By this point you can tell that I love this album but I haven’t yet got to why it’s made it to my top spot. Before I do I would like to defend some of the arguments against it. I have read several responses and criticism about this album around the internet and I’m sure those people will roll their eyes when they see that I’ve made it my album of the year. These are the same type of people however who like remix albums by acts like Girl Talk or 2 many dj’s, praise Burial for his use of samples and hold DJ Shadows Endtroducing as a masterpiece. All of the techniques employed by those acts are the same as Neil Ciciergra uses on this album. He matches if not surpasses them. The only difference is the emotional response that he’s aiming for.
I believe the opening track Starting Line is a perfect retort to those people. In it he uses a large collection of opening lines from songs used in the rest of the album. In doing so, he manages to create something that is catchy, addictive, packed full of joyous creativity and a great track in its own right. If the album was made up of tracks like this one and less of the more overtly comical Neil would be being held up by everyone as a modern master of mix culture.
The way he blends tracks that shouldn’t go together into something that does is comical. But at its best points it goes beyond that. The equal reverence he has for music from the critically acclaimed to the down right cheesy is clear, and by mixing them together he at times makes us question our own love for the music we hold close.
The first time I felt this was on the track T.I.M.E. where the Time soundtrack from the film Inception by Hans Zimmer and Johnny Marr is mixed with the vocals from YMCA by the village people. At first listen this is a surreal comedic mix of stupidity. But by the mid point of the song the dramatic music enhances the lyrics about a man struggling in his life over his identity. It adds a weight that was always in the lyrics of the YMCA but left as a sideline to the disco beat. By putting it front and center Neil Cicierega changes the listeners perspective on a song we have all heard countless times.
It’s this changing in perspective that makes this album so special. Even if it wasn’t his intention, Mouth Moods has a subtext that asks a music fan some hard questions. Why do you like what you like and hate other things? Why shouldn’t all music be respected to the same level? And if that’s true what level should it be respected? By being serious about not taking music seriously he shows it, and all art, for what it really is; essential to the human existence and yet also completely useless.

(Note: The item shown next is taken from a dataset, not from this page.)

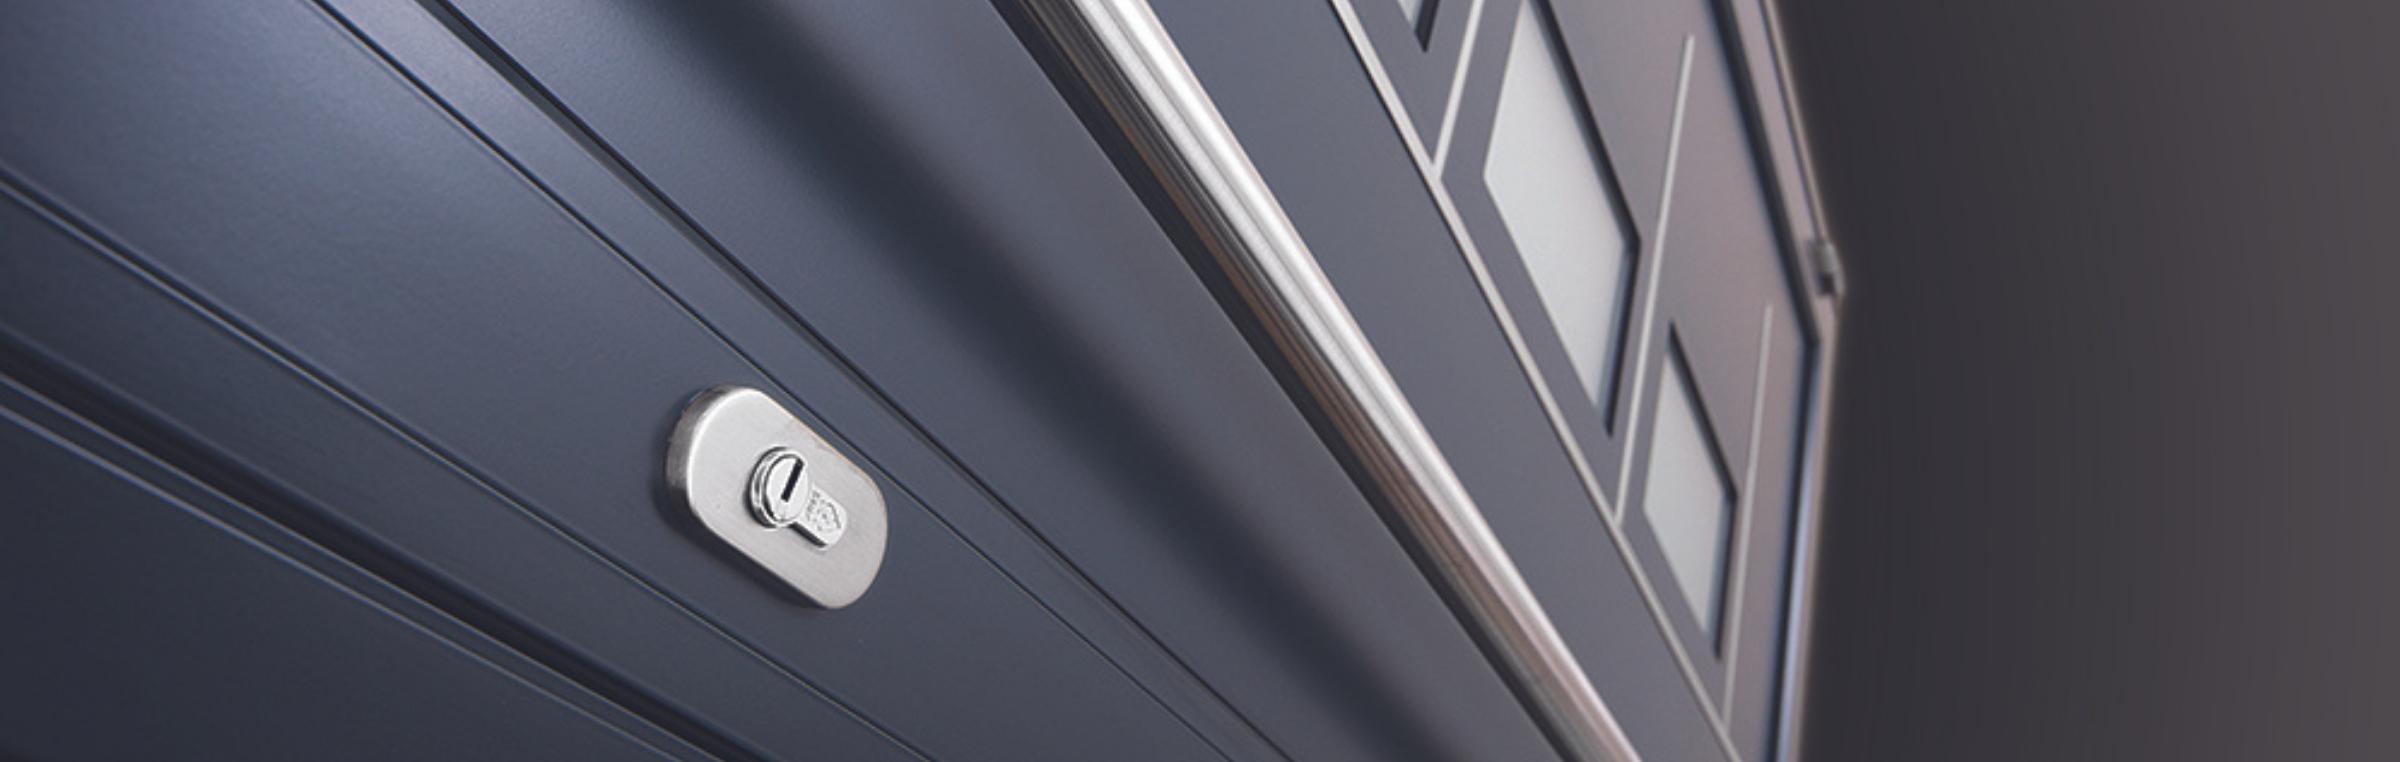 Composite door image

It’s an album that could only exist in the modern day. Created with help from the internet, and distributed and influenced by it, Mouth Moods is a perfect reflection of it in all its creativity and sillynes. It can be profound and profoundly stupid. It reflects a meme culture which is becoming increasing prevalent and a generation of people who have grown up in a world where information and art is easily accessible.

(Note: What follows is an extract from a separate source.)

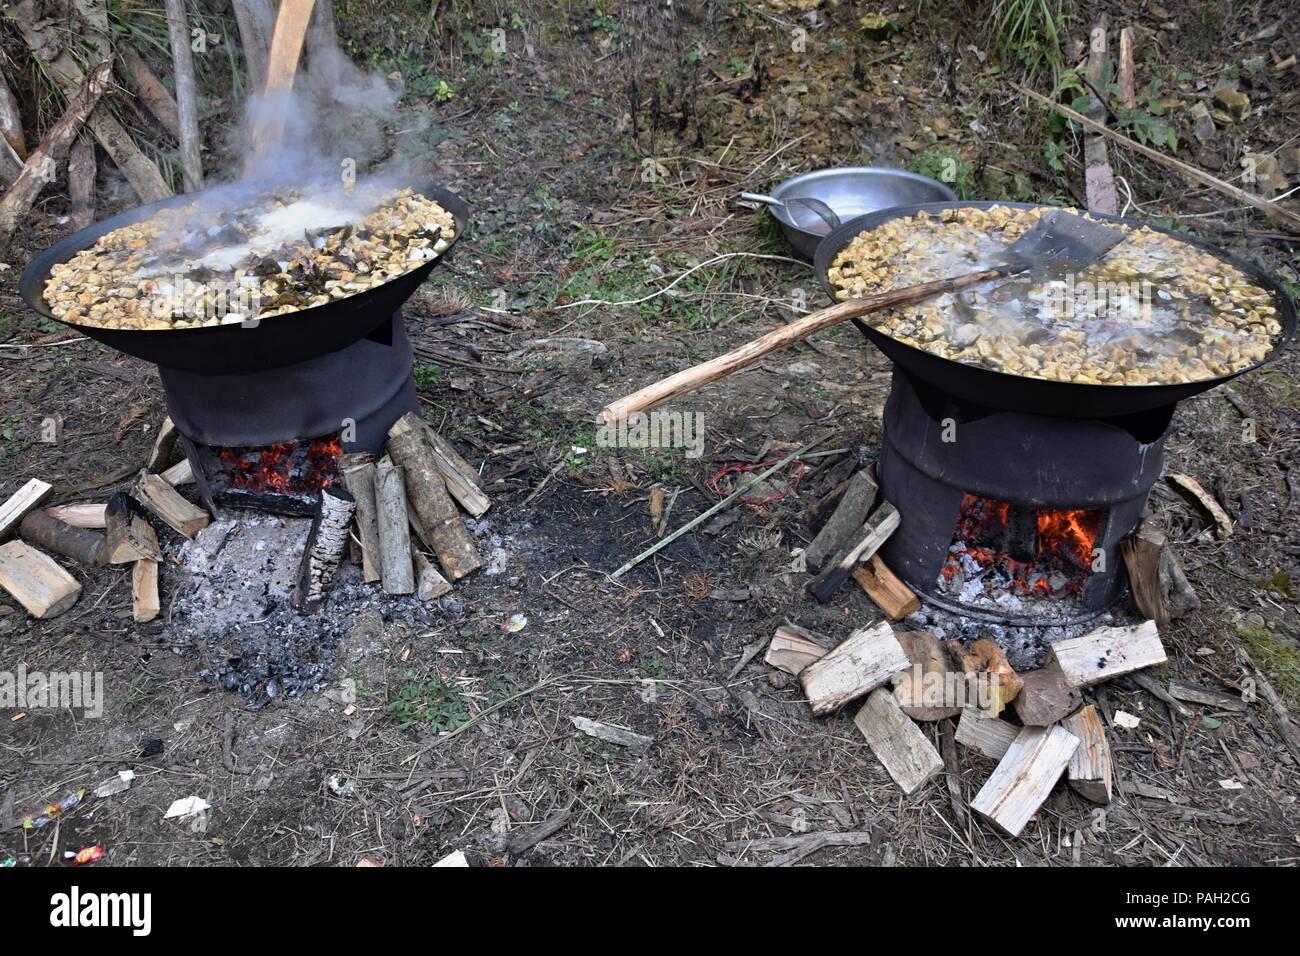 Outdoor Küche Holzofen : Kochen in der küche im freien. zwei metallfässer als holzofen mit

By sampling music from across his life Neil Ciciergra has created a sounscape that will stay timeless to anyone growing up over the past 30 years. A nostalgic trip that both trolls and delights you in equal measure. I haven’t had more fun listening to an album this year and yet I’m still finding more things to like about it. The haters are deluded. This is the Album of 2017; maybe not the one you want but the one the year deserves.